From their point of view if you can’t show how to make it, then you’ve not proven that it exists.
Now it turns out that indirect proofs like contradiction requires the law of excluded middle: If something isn’t true, then it must be false (or vice versa).
It turns out that AoC is needed/implied, for the law of excluded middle; hence the objection to AoC; and enables these non-constructive proofs.
https://en.m.wikipedia.org/wiki/Law_of_excluded_middle
Another AoC proof: Prove that an irrational number to a irrational power can be rational.
sqrt(2)^sqrt(2) : If rational, then done.
Else (sqrt(2)^sqrt(2))^sqrt(2) = 2.
QED (and non-constructive).
This set of slides, originally devised for the Chaos Communication Congress, might be helpful: https://www.speicherleck.de/iblech/stuff/ac-38c3.pdf
- Precise statement of the axiom
- Overview of its consequences
- A counterexample (in an alternative universe)
- Consistency of the axiom
- Gödel's sandbox for containing the axiom
Yes.

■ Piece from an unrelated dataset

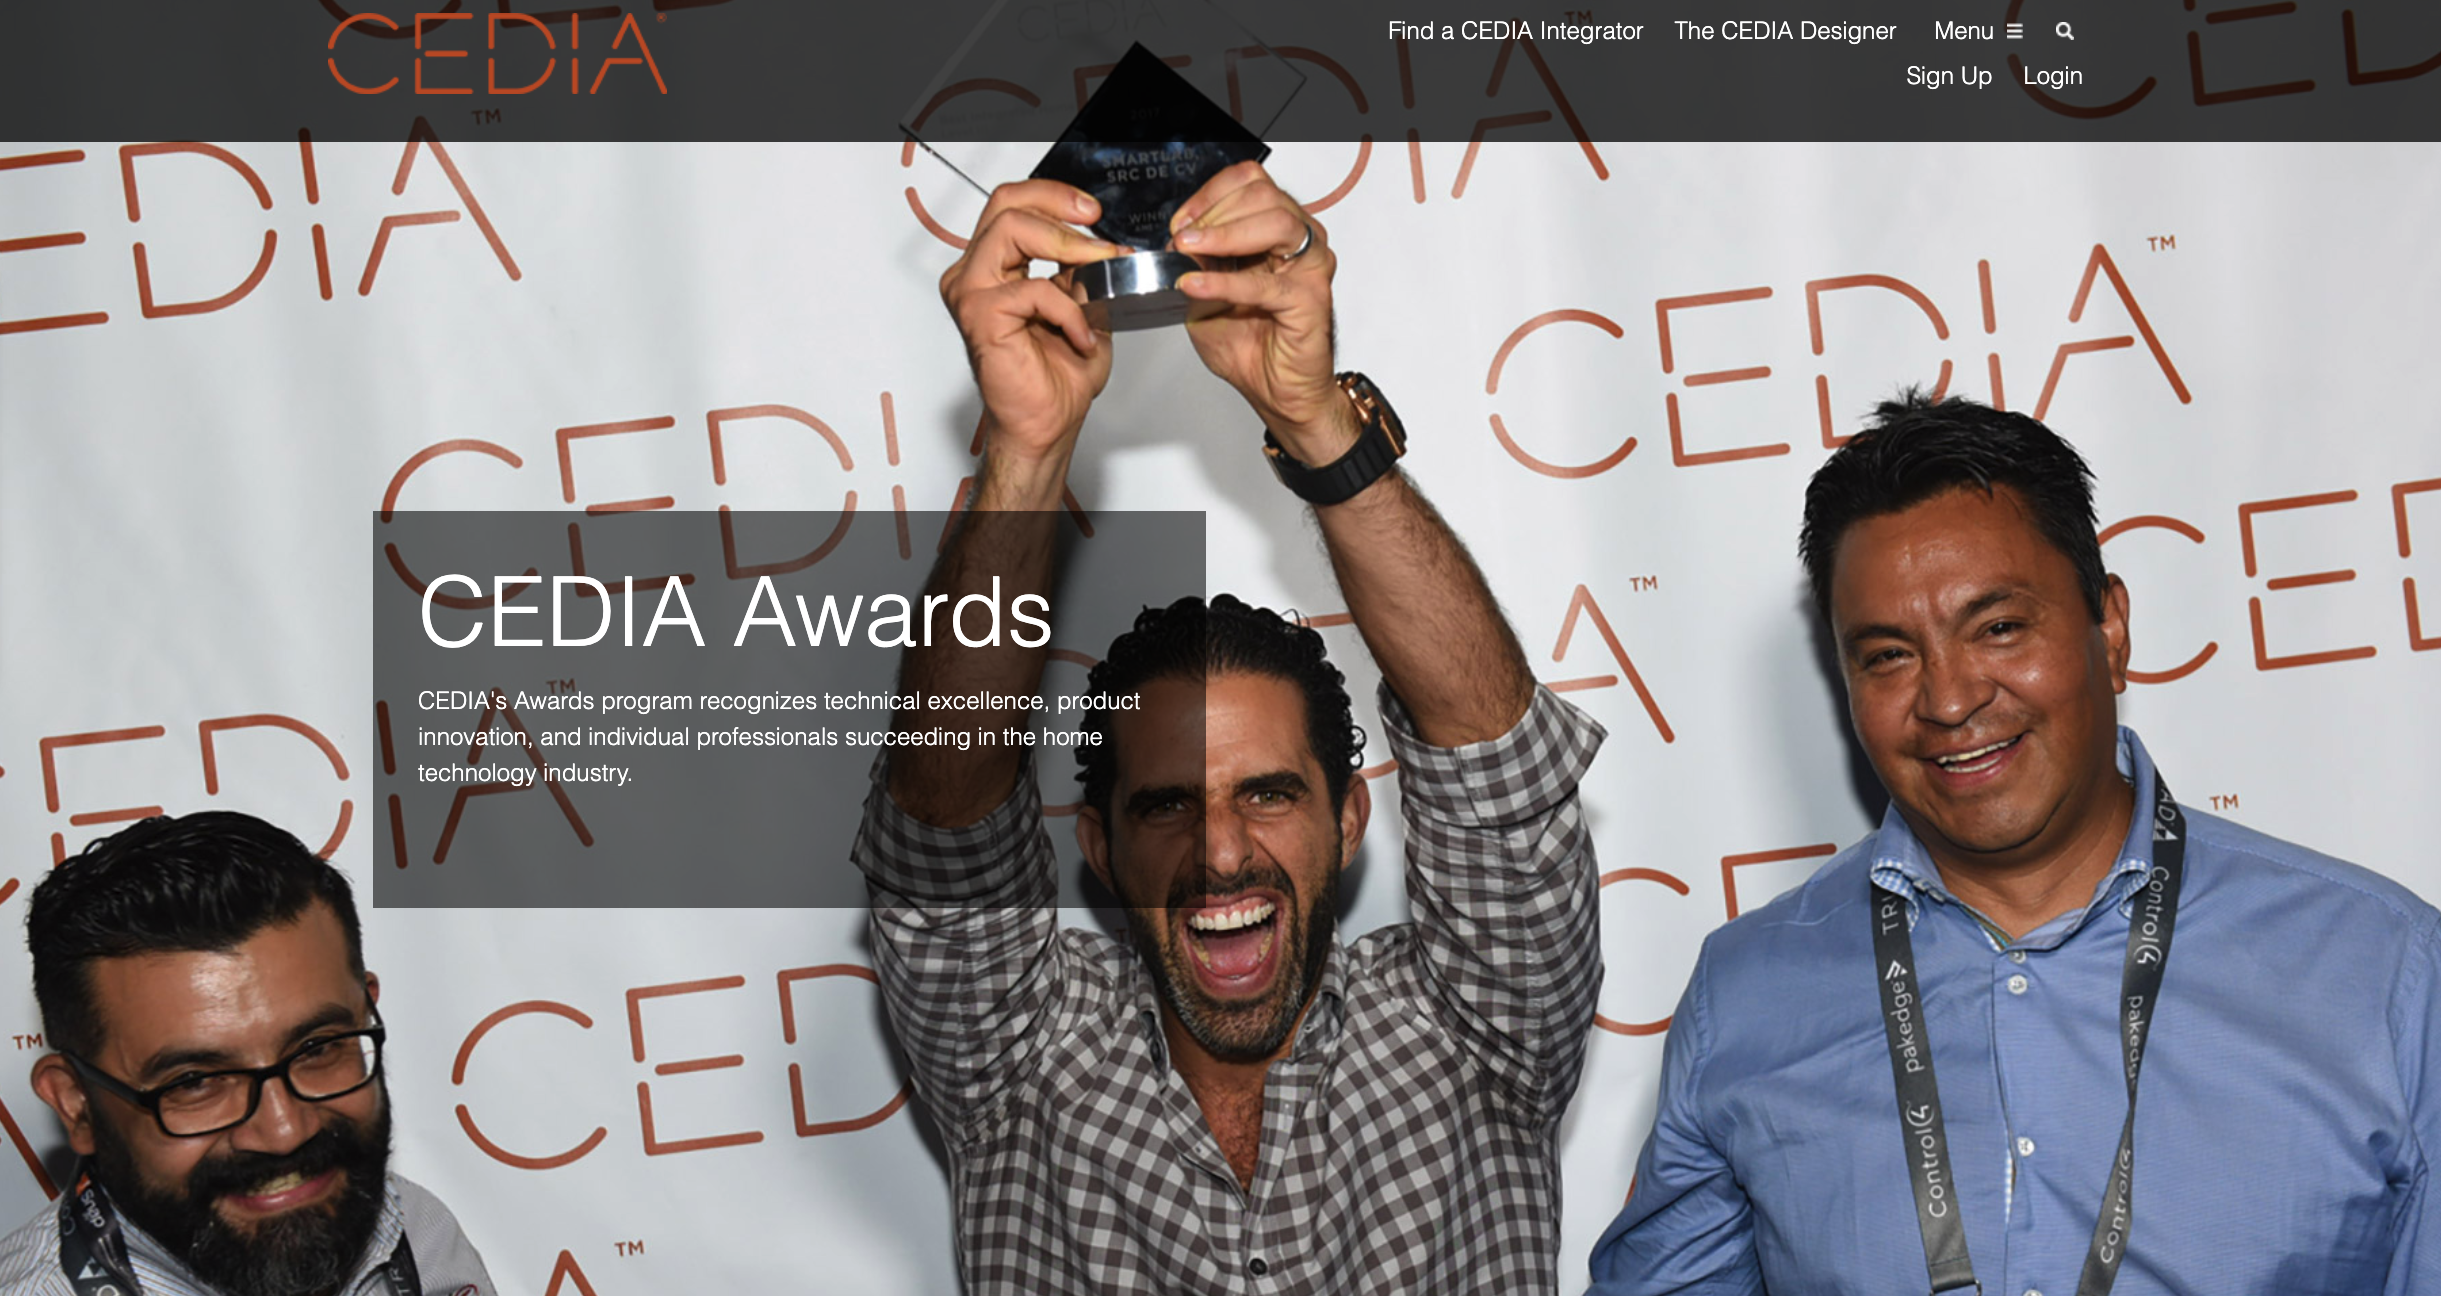 CEDIA Extends Award deadline for 2021

Here’s a great ELI5 intro:
Have you ever seen statements such as "for every epsilon there is a delta such that the following ... holds"? The axiom of choice implies that in those cases the delta can be supplied by some function of epsilon. It can't be proven that such a function exists in ordinary ZF (even if you can prove that statement with epsilon and delta).
The Cartesian product of nonempty sets is nonempty.
This is obvious!, you might say — obviously we can just pick one element from each set and be done with it. But the statement that we can pick an element from each set is the axiom of choice.
Note that it's not necessarily simple to pick an element from a set. For instance, how would one pick an element from the set of uncomputable numbers? A human cannot describe said element, by definition. The axiom of choice says it's possible anyway.